You’ll be prompted to provide several configuration values defined in the cookiecutter.json file:

project_name [My Kodexa Infer Model]: Document Classifier
project_slug [document-classifier]: 
pkg_name [document_classifier]: 
project_short_description [Skeleton project created by Cookiecutter Kodexa Event Model]: A model that classifies documents by type
full_name [Kodexa Support]: Jane Smith
email [support@kodexa.com]: jane.smith@example.com
github_username [kodexa-ai]: janesmith
version [0.1.0]: 
org_slug [my-org]: janes-org

These values will be used to customize your project. Here’s what each prompt means:

  • project_name: The human-readable name of your project
  • project_slug: The slug for your model (automatically derived from project_name)
  • pkg_name: The Python package name (automatically derived from project_name)
  • project_short_description: A short description of what your model does
  • full_name: Your name or your organization’s name
  • email: Contact email for the project
  • github_username: Your GitHub username or organization
  • version: The initial version of your model
  • org_slug: The Kodexa organization slug where your model will be hosted

Project Structure

After running the cookiecutter command, a new directory with your project_slug name will be created with the following structure:

document-classifier/                  # Root directory (project_slug)
├── document_classifier/              # Python package (pkg_name)
│   ├── __init__.py                   # Package initialization
│   └── model.py                      # Main model implementation
├── .editorconfig                     # Editor configuration
├── .gitignore                        # Git ignore file
├── makefile                          # Makefile with common tasks
├── model.yml                         # Kodexa model deployment configuration
├── pyproject.toml                    # Poetry project configuration
└── README.md                         # Project readme

Key Files

model.py

This is the main file where you’ll implement your inference model. It comes with a sample implementation that:

  • Receives a Kodexa Document as input
  • Has access to the project, pipeline context, and assistant
  • Can add labels to the document
  • Can access the document’s source bytes
  • Returns the processed document

model.yml

This file defines how your model will be deployed to the Kodexa platform, including:

  • Model metadata
  • Runtime configuration
  • Access settings
  • Content to include in the deployment package

pyproject.toml

This file contains your project’s metadata and dependencies managed by Poetry, including:

  • Project information
  • Python version requirements
  • Dependencies (including Kodexa)
  • Development tools configuration (black, isort, flake8, mypy)

makefile

The makefile includes several useful commands:

  • make format: Format code using isort and black
  • make lint: Lint code using flake8 and mypy
  • make test: Run formatting, linting, and unit tests
  • make deploy: Deploy the model to Kodexa platform
  • make undeploy: Undeploy the model from Kodexa platform

Setting Up in Visual Studio Code

To set up your new project in Visual Studio Code:

  1. Open VS Code
  2. Choose “File > Open Folder” and select your newly created project directory
  3. Open a terminal in VS Code (Terminal > New Terminal)
  4. Install dependencies using Poetry:
    poetry install
    
  5. Activate the Poetry virtual environment:
    poetry shell
    

For the best development experience, install these VS Code extensions:

  1. Python: The official Python extension
  2. Pylance: Enhanced language support for Python
  3. Python Test Explorer: For running tests
  4. YAML: For editing YAML files like model.yml
  5. Docker: For containerization if needed
  6. Markdown All in One: For editing documentation

Implementing Your Model

The template creates a basic model implementation in pkg_name/model.py.
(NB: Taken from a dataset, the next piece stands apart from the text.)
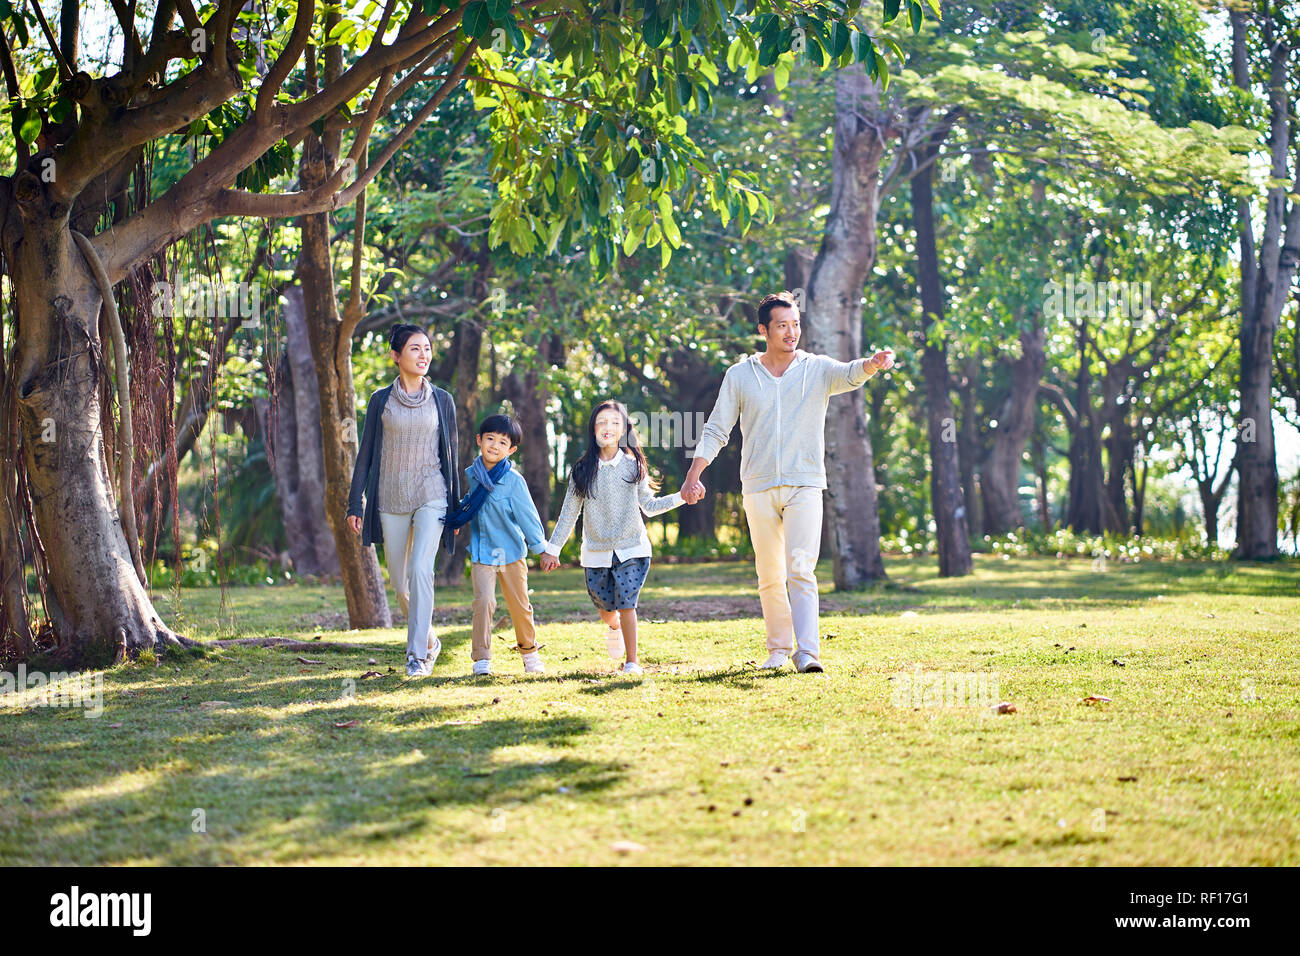 Famille avec deux enfants asiatiques marche main dans la main à l'extérieur dans le parc. Banque D'Images
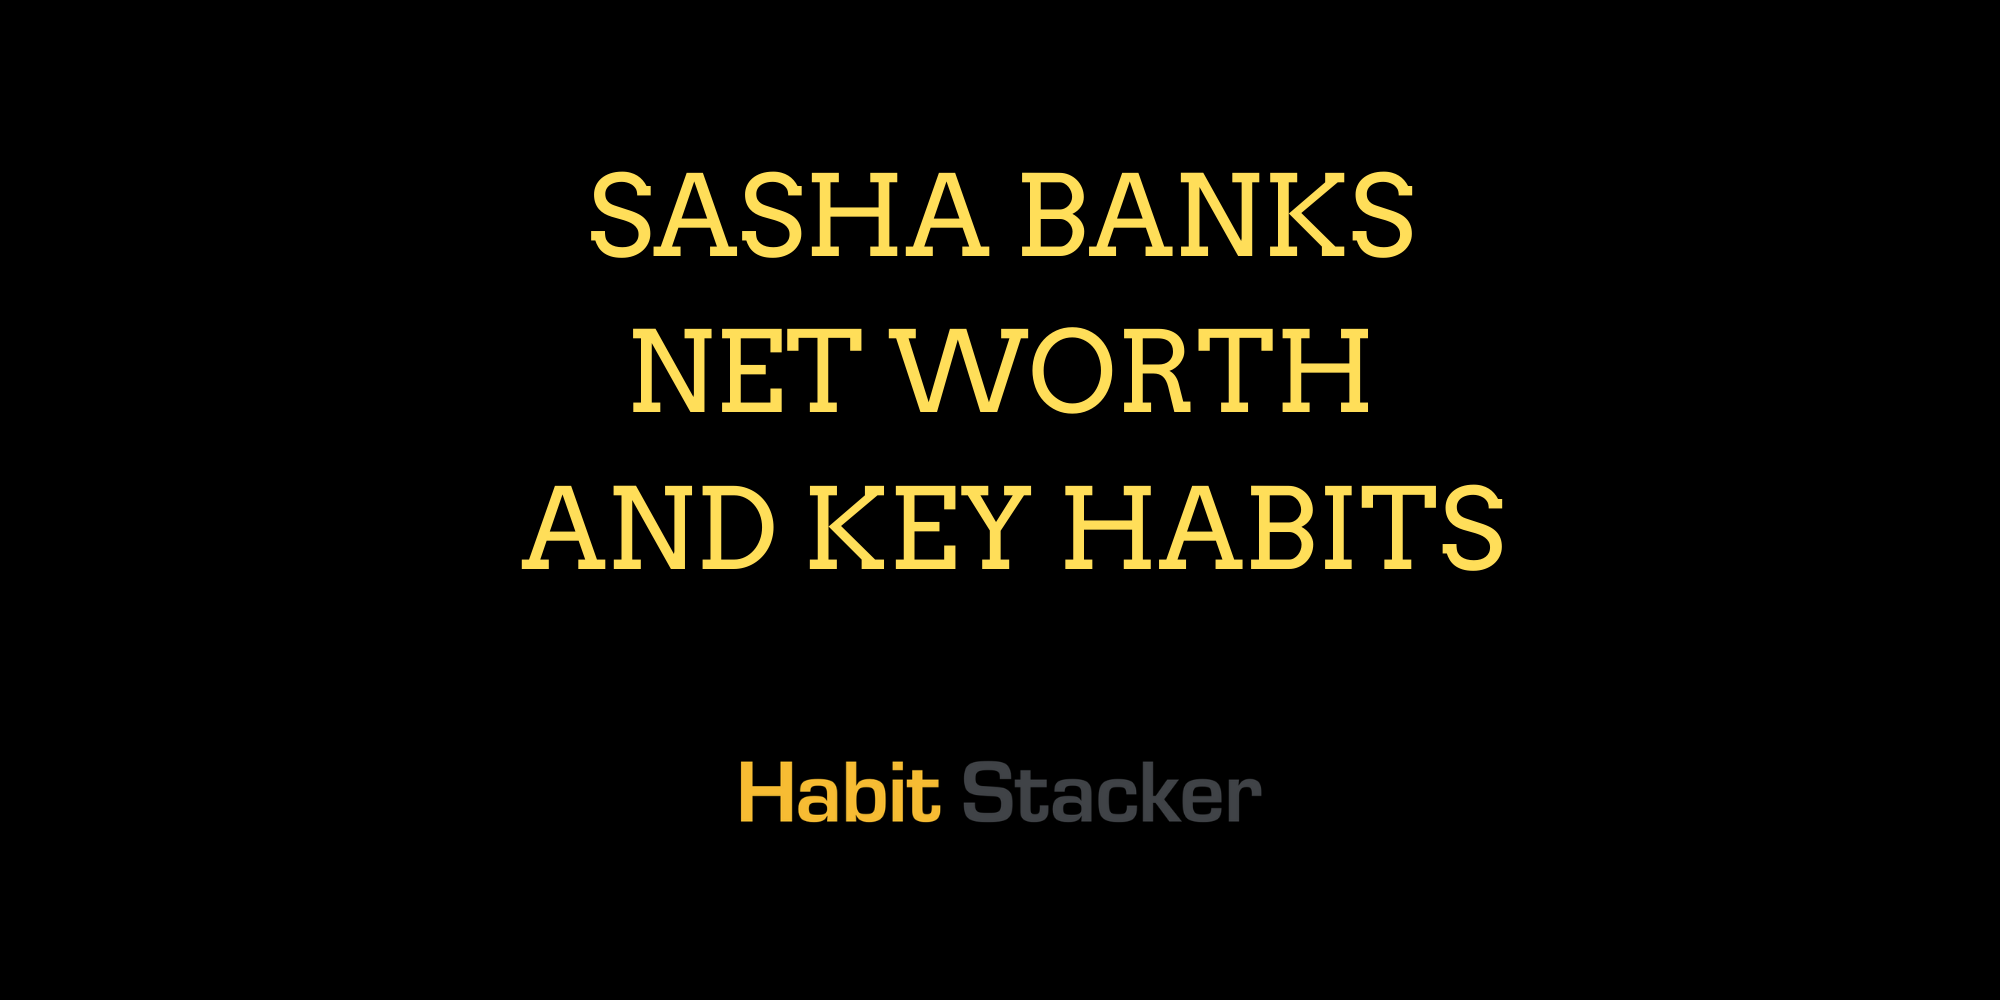 Sasha Banks Net Worth and Key Habits

The main entry point is the infer function:

def infer(document: Document, project: ProjectEndpoint, pipeline_context: PipelineContext, assistant: Assistant):
    # Your model implementation here
    document.add_label("my_first_model")
    return document

You should modify this function to implement your specific document processing logic. The function receives:

  • document: The Kodexa Document to process
  • project: The Kodexa project endpoint
  • pipeline_context: Context information about the current pipeline
  • assistant: The Kodexa assistant for interaction with large language models

Example: Implementing a Document Classifier

Here’s an example of how you might implement a simple document classifier:

1. Modify the model.py file

def infer(document: Document, project: ProjectEndpoint, pipeline_context: PipelineContext, assistant: Assistant):
    """
    Classify a document based on its content
    """
    logger.info(f"Processing document: {document.uuid}")
    
    # Get document text
    all_text = document.content_node.get_all_content()
    
    # Simple classification rules
    document_type = "unknown"
    
    if "invoice" in all_text.lower() and ("total" in all_text.lower() or "amount due" in all_text.lower()):
        document_type = "invoice"
    elif "agreement" in all_text.lower() and "parties" in all_text.lower():
        document_type = "contract"
    elif "resume" in all_text.lower() or "curriculum vitae" in all_text.lower():
        document_type = "resume"
    
    # Add classification as a label
    document.add_label("document_type", document_type)
    logger.info(f"Classified document as: {document_type}")
    
    return document

2. Deploy your model

Once you’re satisfied with your model, you can deploy it to the Kodexa platform:

make deploy

This will use the Kodexa CLI to deploy your model according to the configuration in model.yml.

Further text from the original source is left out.